9) While the fish is baking, place asparagus into pot of boiling, salted water. Cook until tender, or, remove from water after about 1 minute, and finish by pan frying with some of the leftover garlic butter. Serve as a side dish. Also, steamed rice or mashed potatoes, and/or, salad could go with it as well.


Serving idea:


----------



## surfsidesativa (Jul 14, 2006)

That looks really good


----------



## Desperado (Mar 12, 2007)

surfsidesativa - Thanks for the compliment!

------------------------------------------

Haven't tried this yet, but:
For those that would rather avoid the butter, I think you could probably saute the chopped garlic & parsley or cilantro in some olive oil, then drizzle it over the fish & shrimp before baking. If this approach is taken, remember that garlic can burn easily, so use low to medium heat.


----------



## TunaFish (Aug 16, 2001)

*Great dinner!!*

Tried your recipe last night and I have to say, it was excellent!!! Wife said it was a "GREAT" dinner. Thanks for sharing...


----------



## fingersandclaws (Oct 17, 2005)

Is that granite or corian?  Just kiddin', that looks awesome . . . as Emeril would say: "Wish you had smellavision".


----------



## murphman (Sep 4, 2003)

Yummy!


----------



## Desperado (Mar 12, 2007)

Thanks, everyone, for the good comments.


----------



## Desperado (Mar 12, 2007)

fingersandclaws said:


> Is that granite or corian?  Just kiddin', that looks awesome . . . as Emeril would say: "Wish you had smellavision".

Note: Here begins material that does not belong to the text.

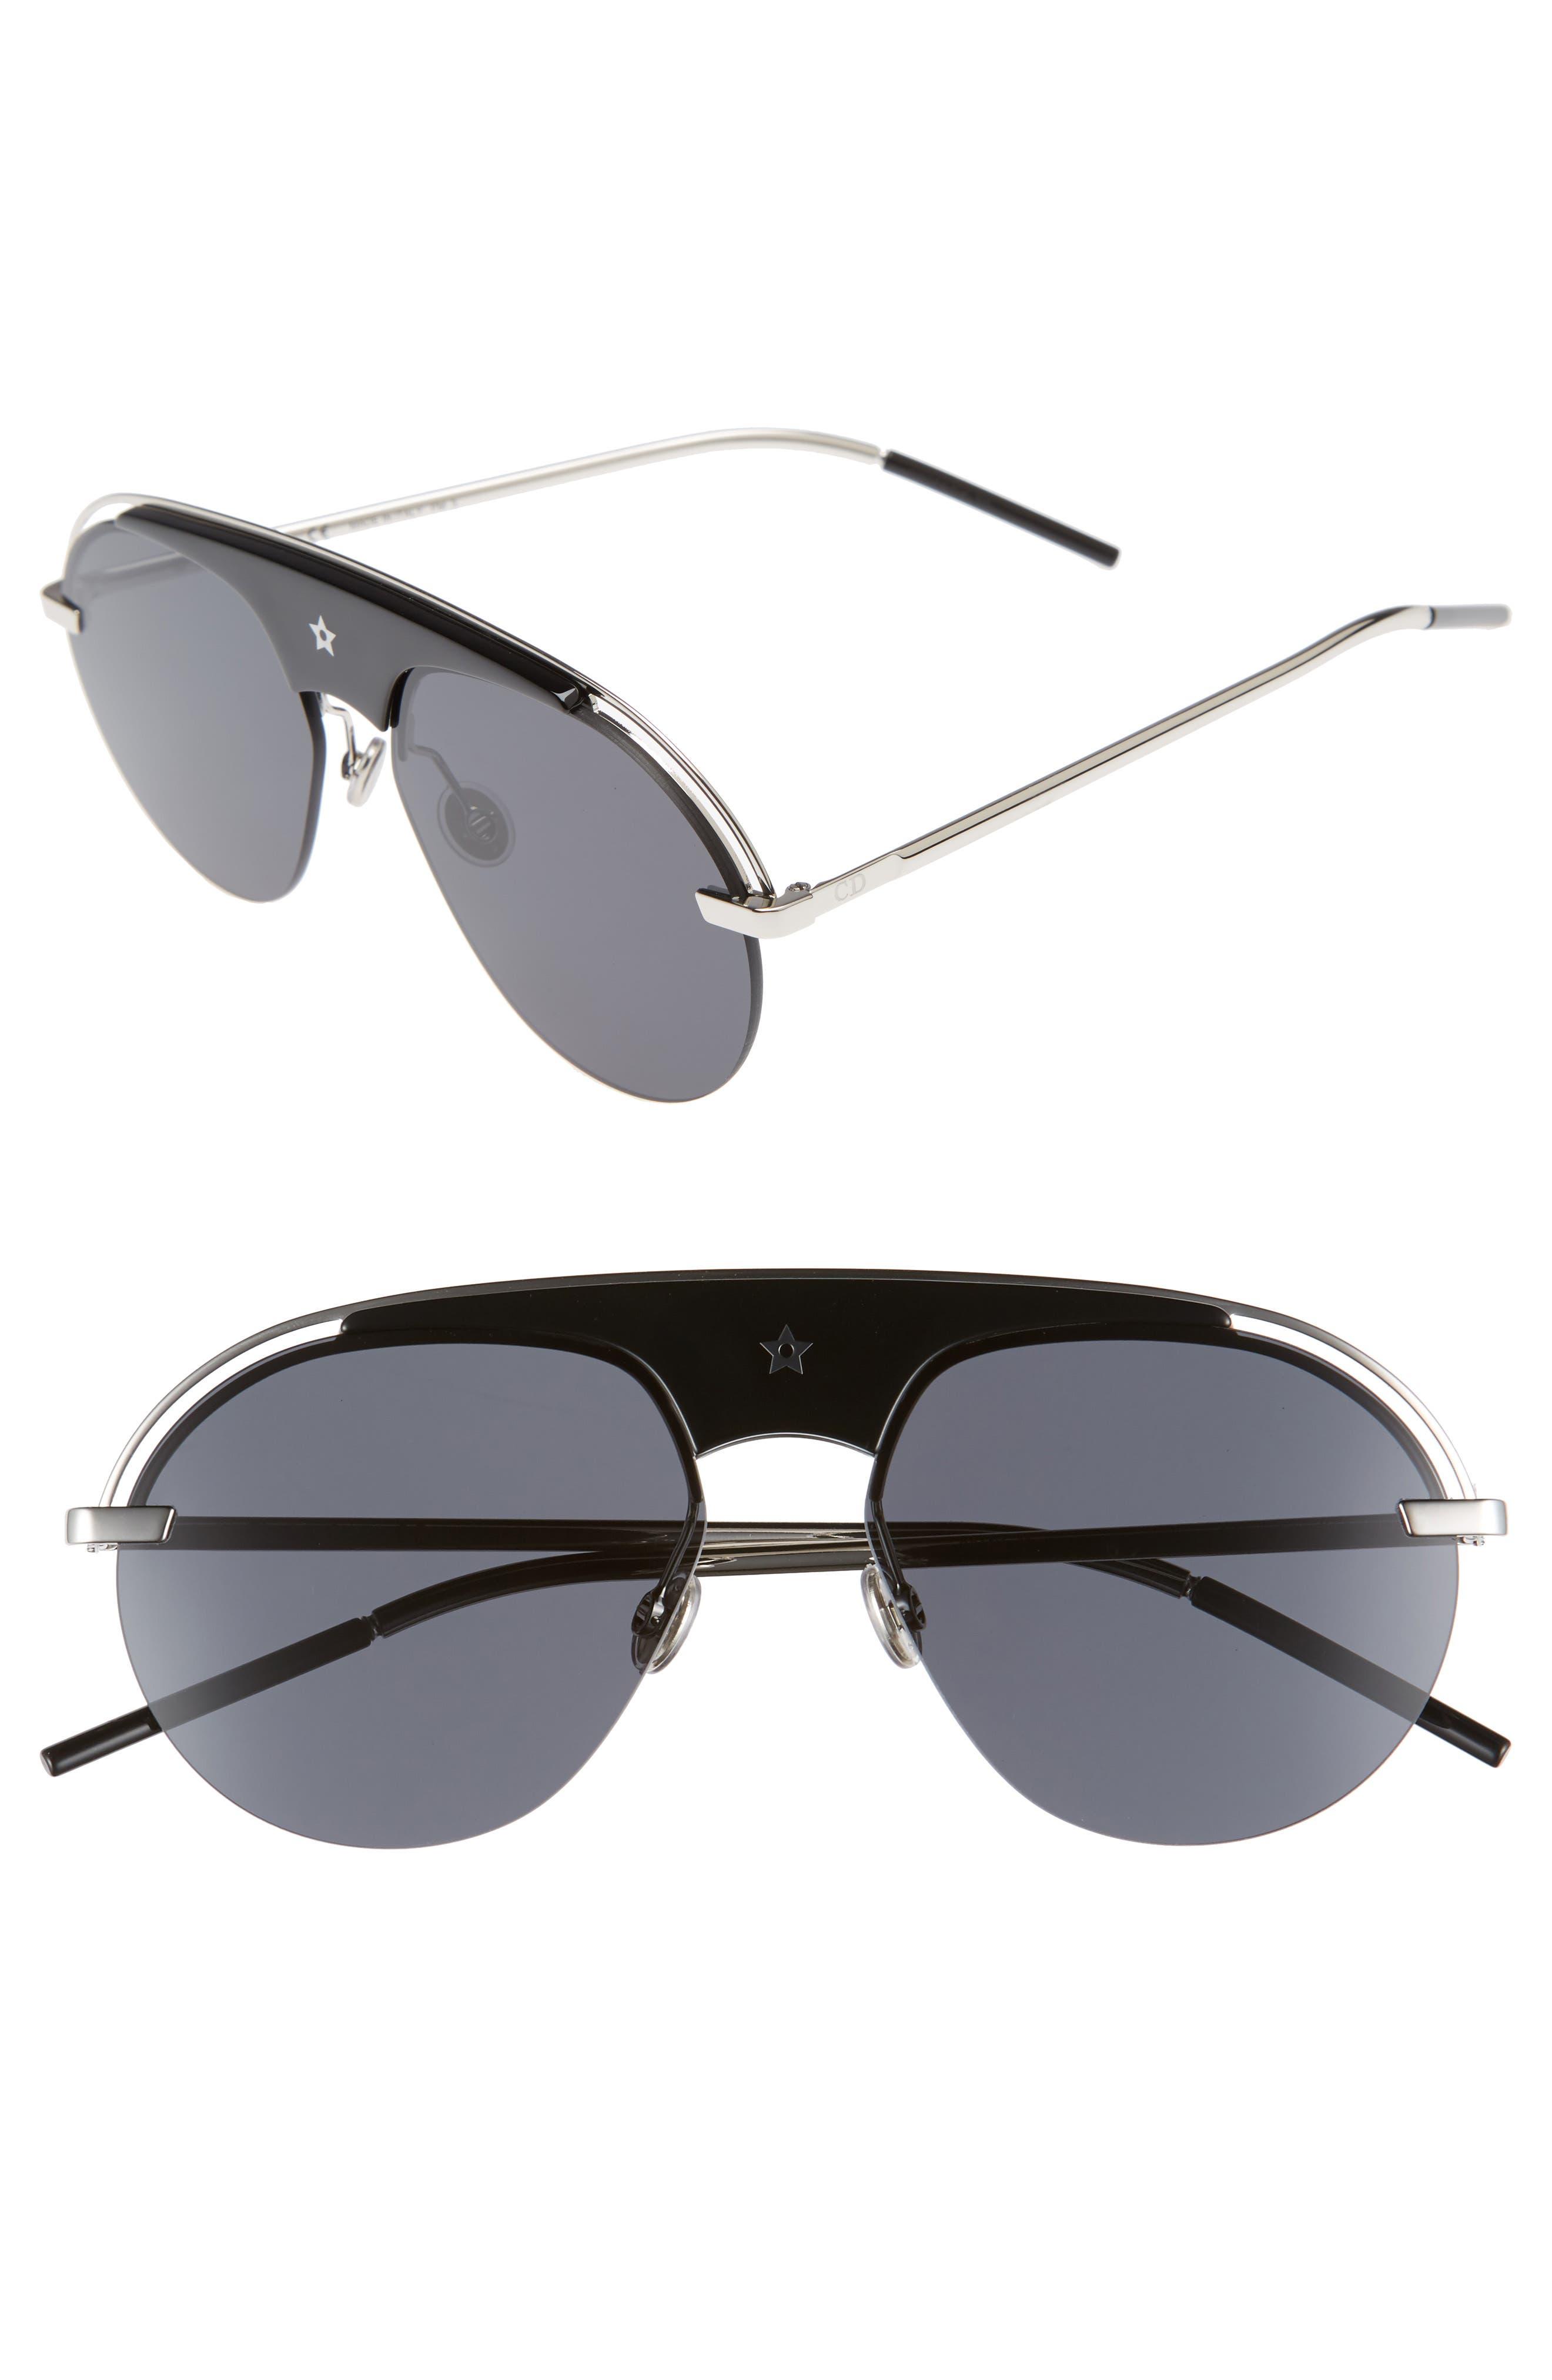 Revolution 58mm Aviator Sunglasses,                             Main thumbnail 1, color,                             001
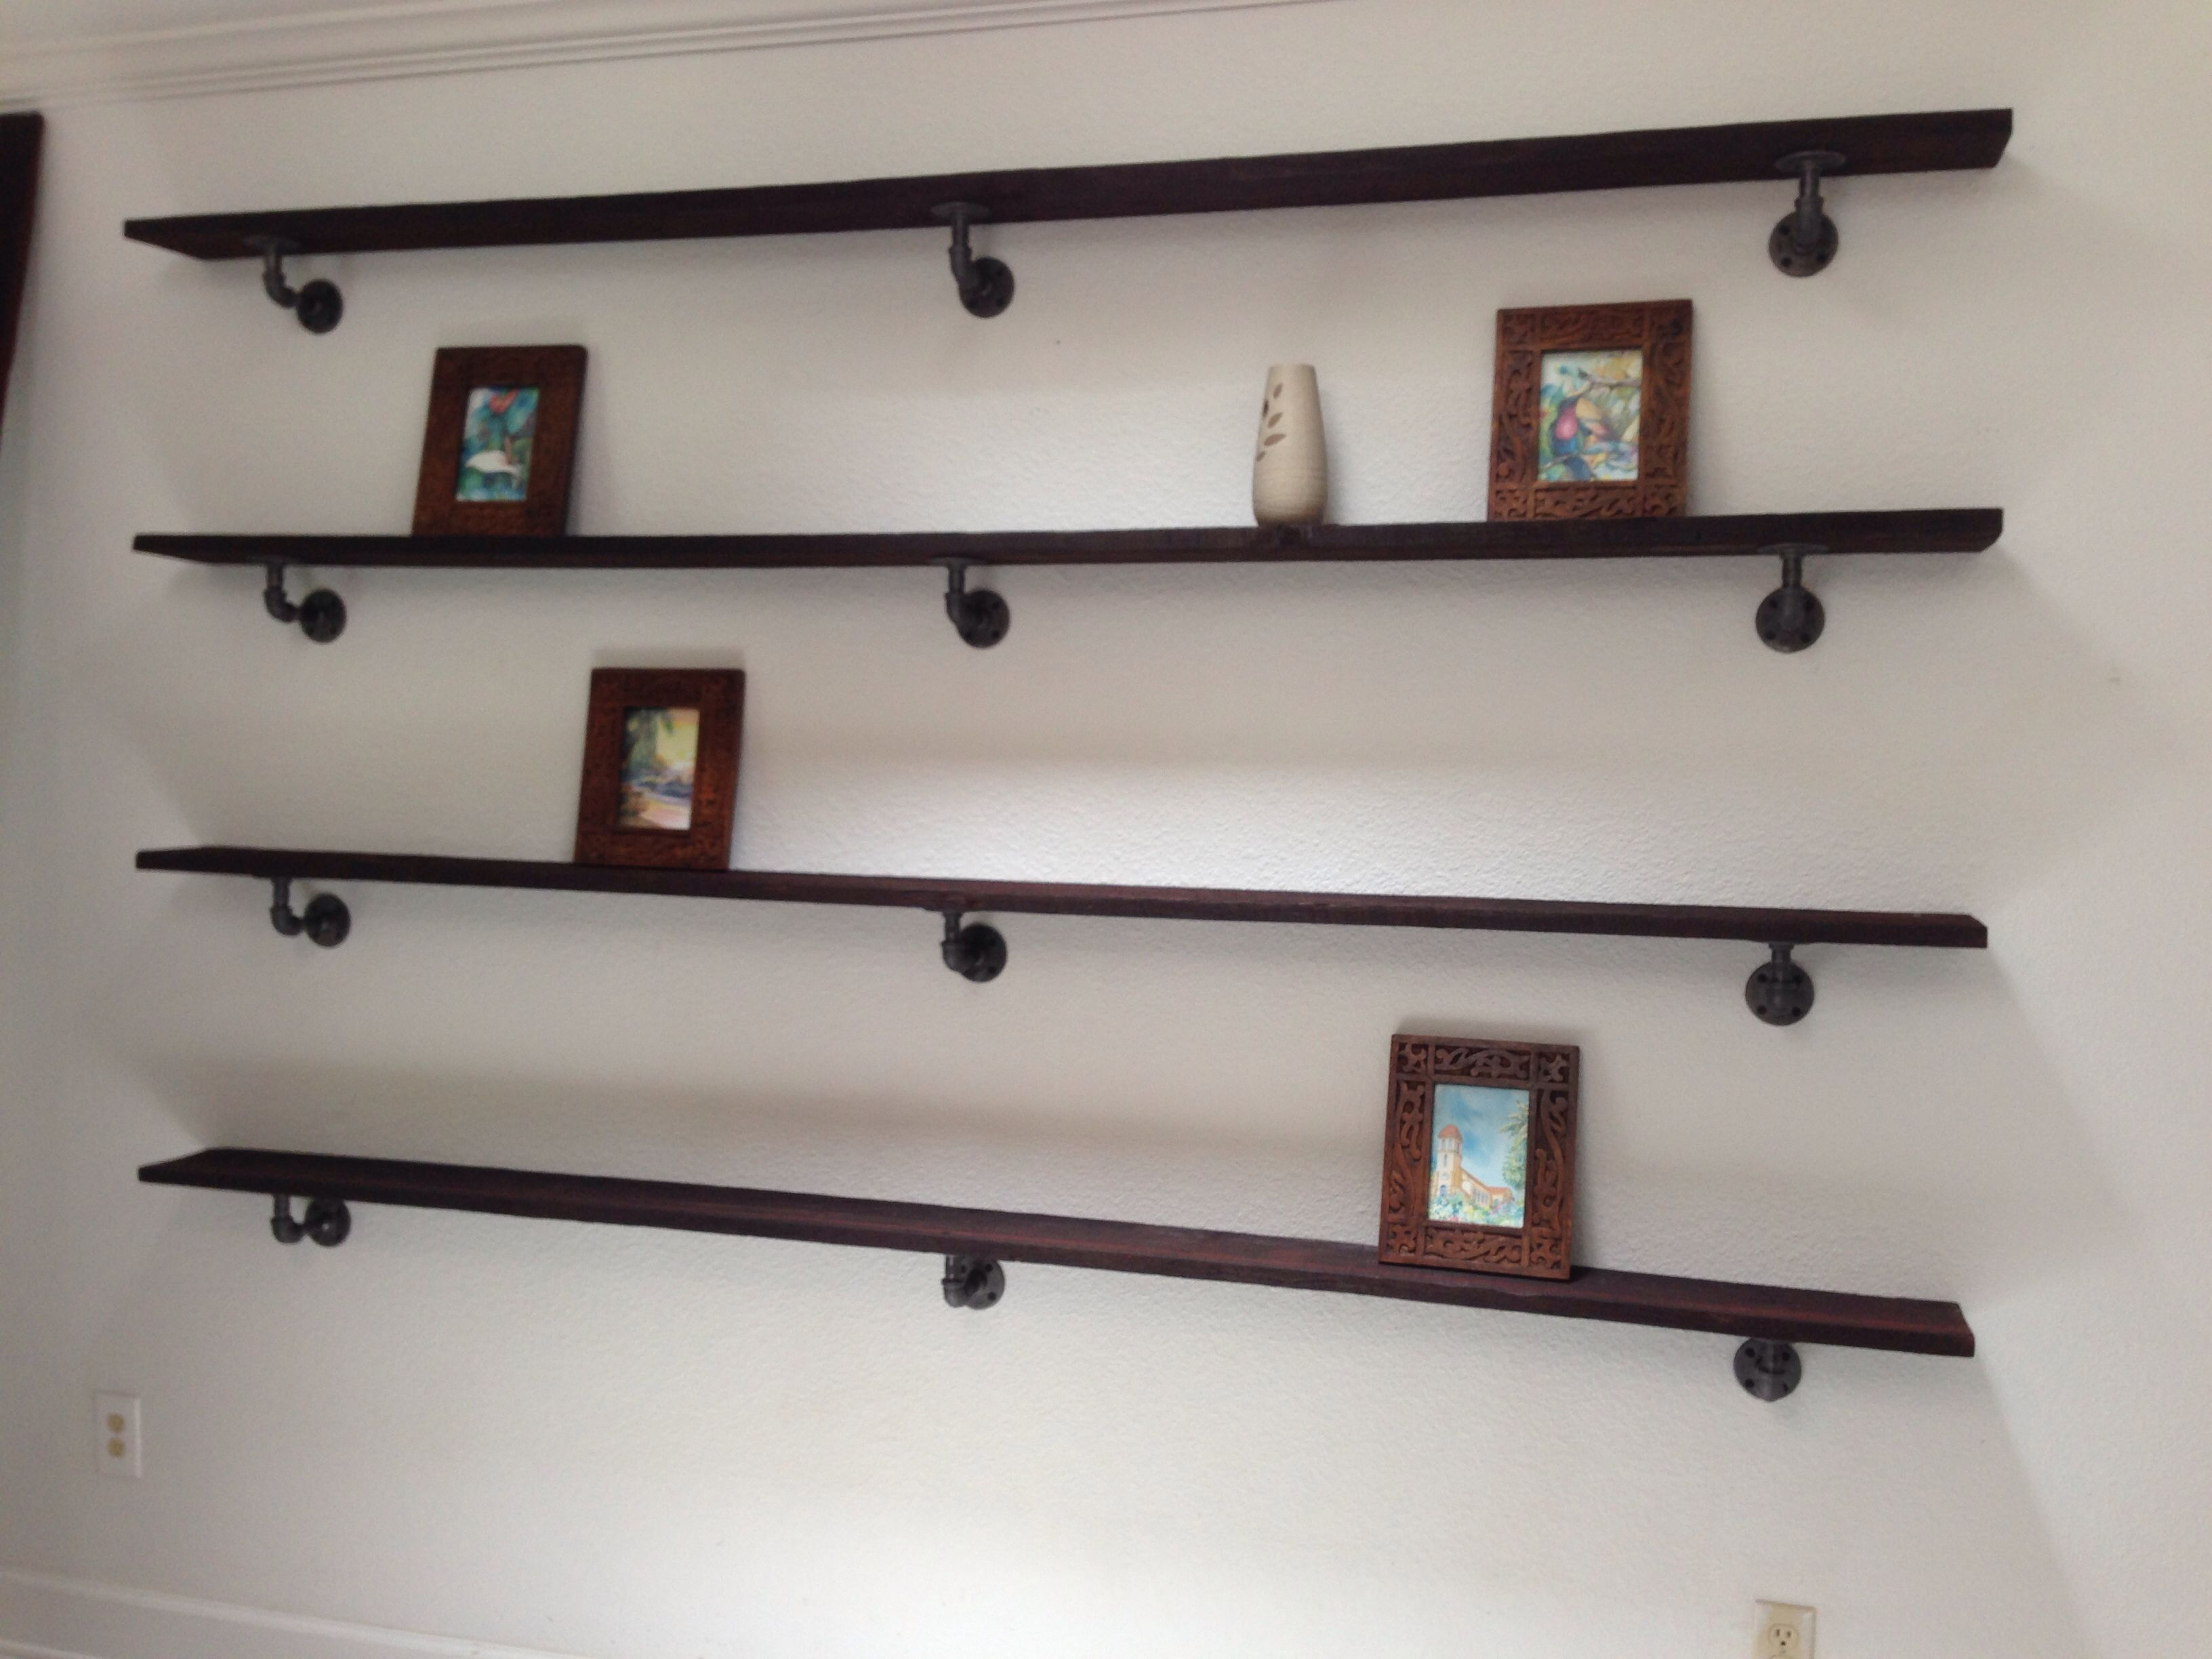 Custom barn wood shelves with urban rustic plumbing pipe I think

Granite. Didn't get what the kidding was about, but I enjoy reading your posts along with Tunafish & the rest of the WBB. I'm sure it was very funny....


----------



## TunaFish (Aug 16, 2001)

*Desperado*



Desperado said:


> Granite. Didn't get what the kidding was about, but I enjoy reading your posts along with Tunafish & the rest of the WBB. I'm sure it was very funny....


That's okay. I didn't get that Granite thing either.. He casts as funny as his humor..


----------



## Gnatman (Sep 15, 2005)

*Not only does it look VERY tasty...*

...but it was presented and photographed beautifully. Looks like it came off of the cover of Bon Apetit!

Thanks,


----------



## fingersandclaws (Oct 17, 2005)

TunaFish said:


> That's okay. I didn't get that Granite thing either.. He casts as funny as his humor..


Doulble Axe Handle Chop. I will teach you one of these days if your equipment can handle it  I will bring over tapes of the WWF so you can learn first hand where I learned to cast.

Desperado, hope to fish with ya this year. My goal this year is to actually fish with NICE people (hint hint Tunafish!!!!)  hahahaha


----------